“Arrah, thin,” said the overwhelmed Christy, “how could I rob or upset or confuse the Queen at all, at all. Sure, I niver cast my eyes on the ould heifer, good, bad, or indifferent.”

“Silence! Every word you say will be taken in evidence. That’s the law.”

“Wirra, thin, bad luck to that same law.”

“Silence, I say again. I cannot tolerate treasonable expressions before my men. Come along.”

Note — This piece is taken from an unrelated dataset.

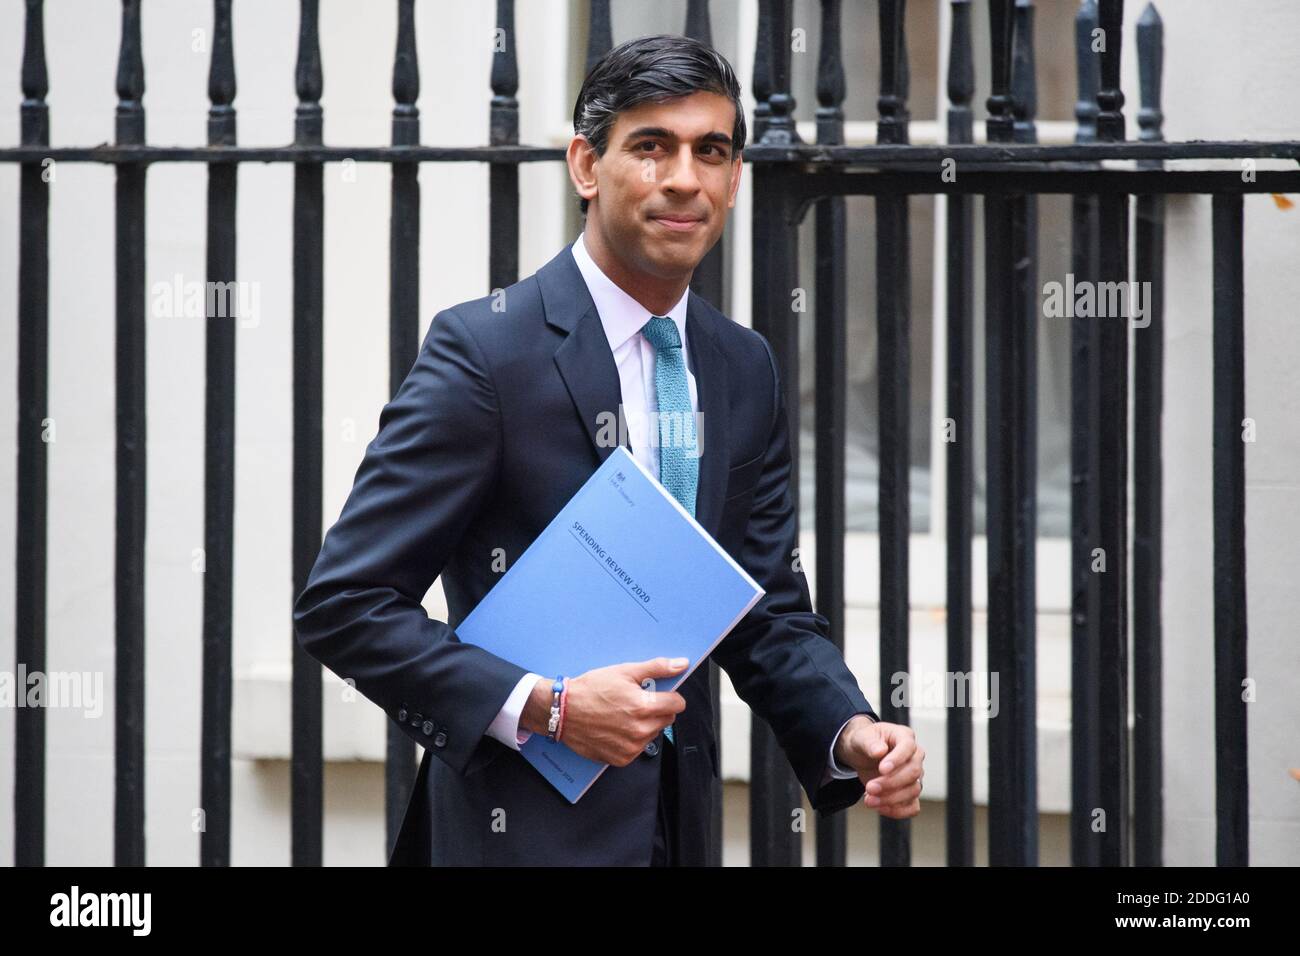 Downing Street, London, UK. 25th Nov 2020. Chancellor of the Exchequer Rishi Sunak leaves 11 Downing Street, London, ahead of delivering his one-year Spending Review in the House of Commons. Picture date: Wednesday November 25, 2020. Photo credit should read: Matt Crossick/Empics/Alamy Live News Stock Photo
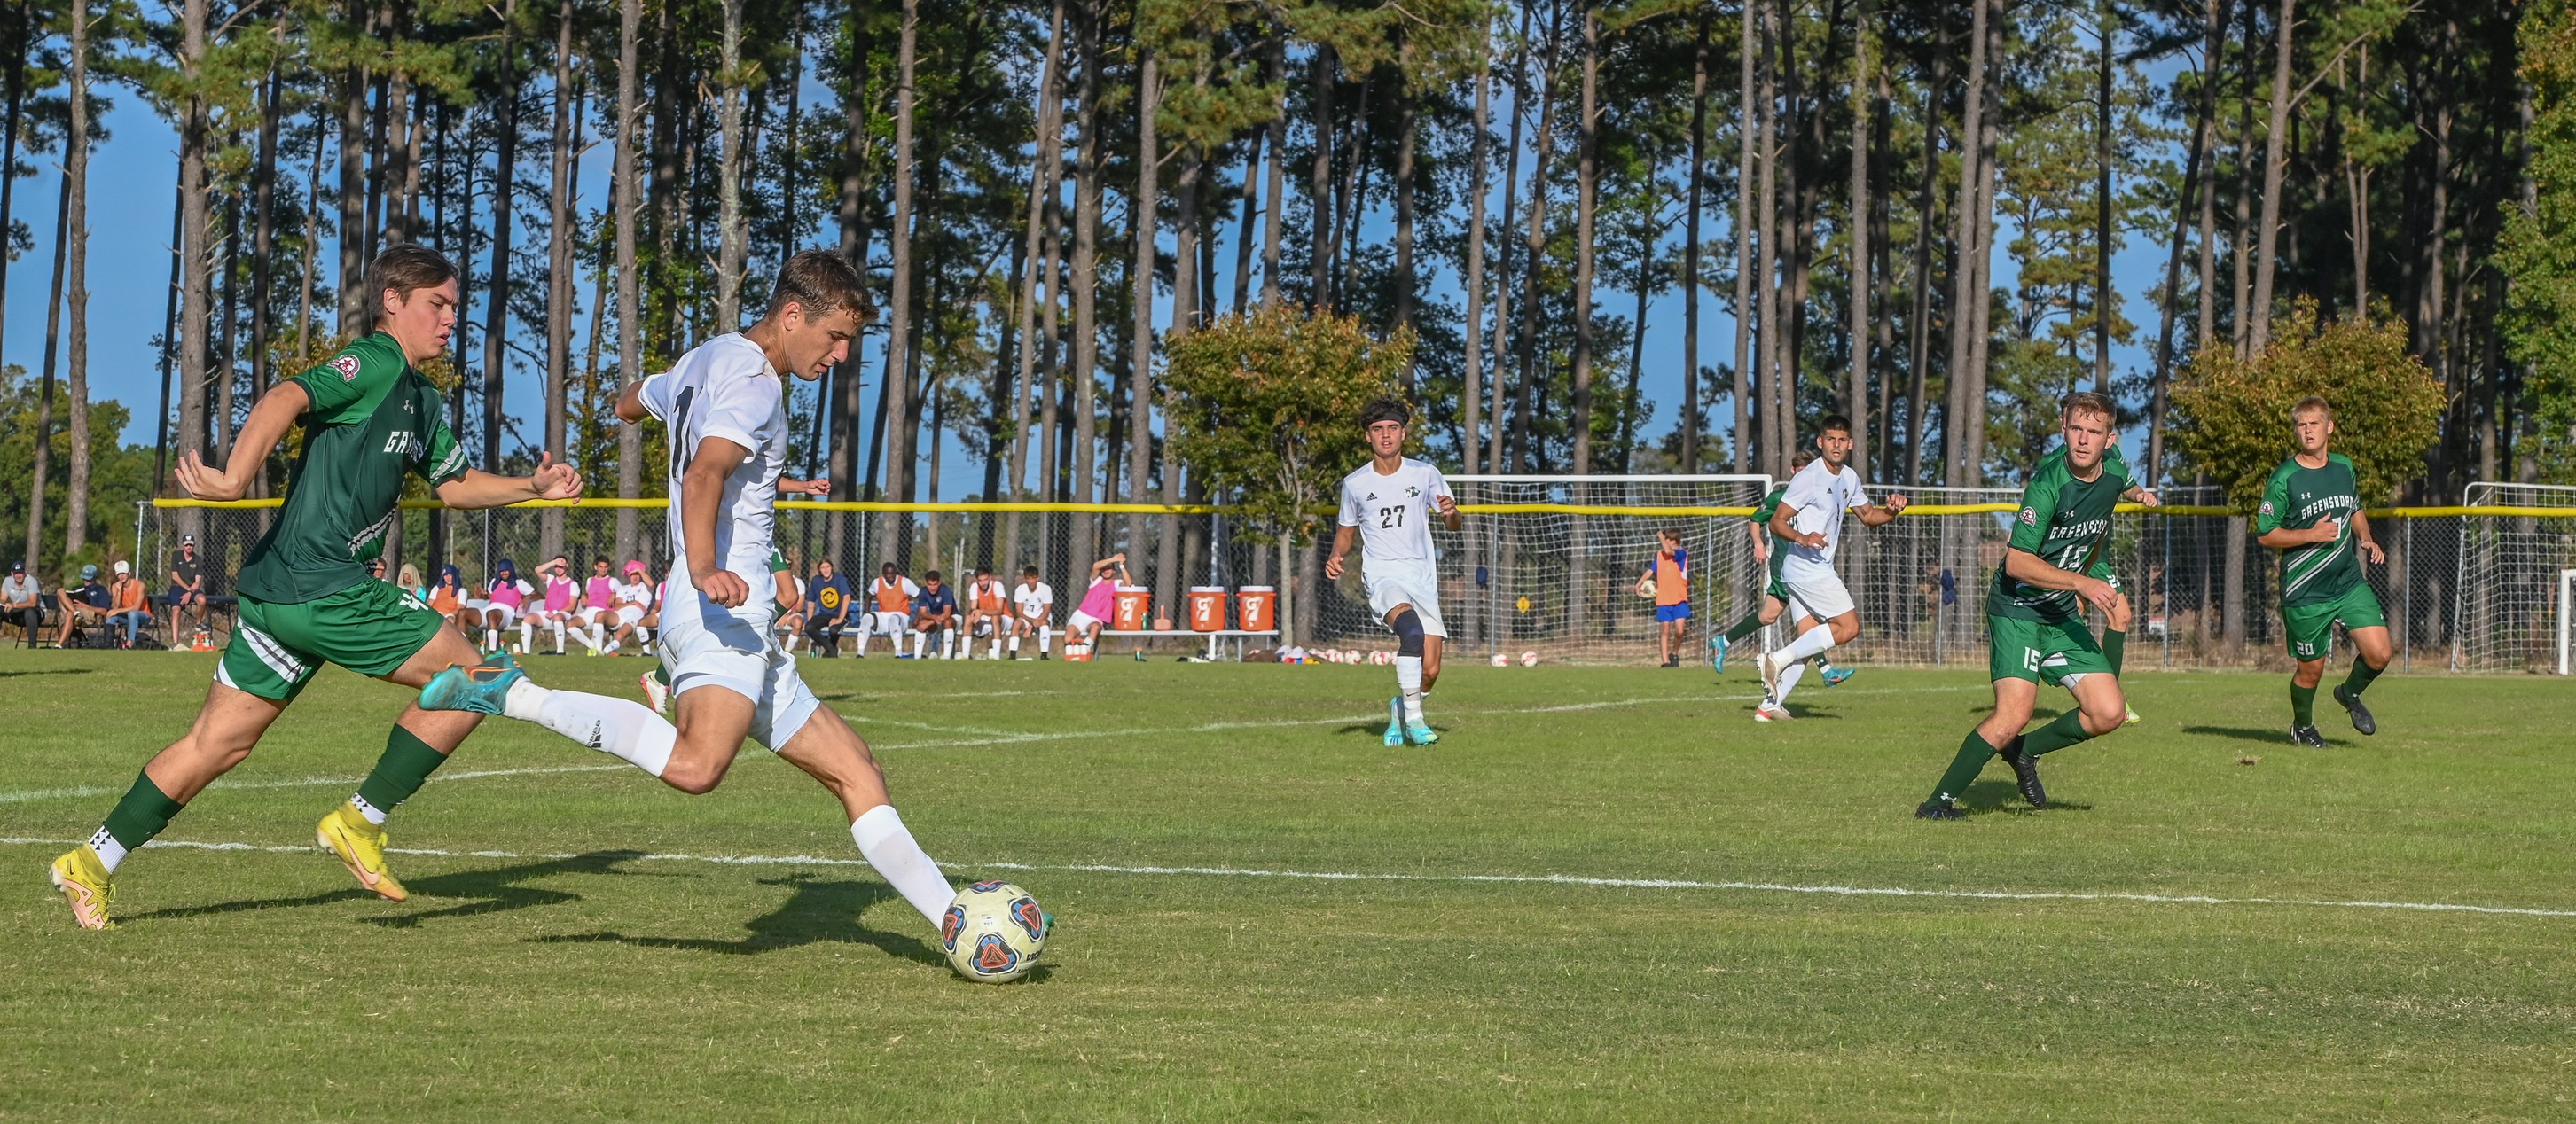 Bishops Soccer Shuts Out Greensboro On Senior Day

Amid the sobbing of his wife and little ones, and utterly amazed and confounded, Christy was handcuffed and dragged to the police barracks, where he passed a miserable night. In the morning he was brought into the awful presence of O’Graball, who at once commenced in grave tones what he intended for a solemn interrogatory, but which proved in reality a rich burlesque:—

“Prisoner, what is your name?”

“Christy Connell, plaze your worship.”

“It does not please me. It is a notoriously disloyal name. There have been several Connells hanged at various times. Your very possession of such a name is in itself a suspicious circumstance. Sergeant, make a note of it. He confesses his name is Connell. So far our information is correct. Now, prisoner, tell me, had you a mother?”

“Arrah, to be sure I had. What do you think I am, at all, at all?”

“No prevarication, sir. You had also, I suppose, a father of the male gender?”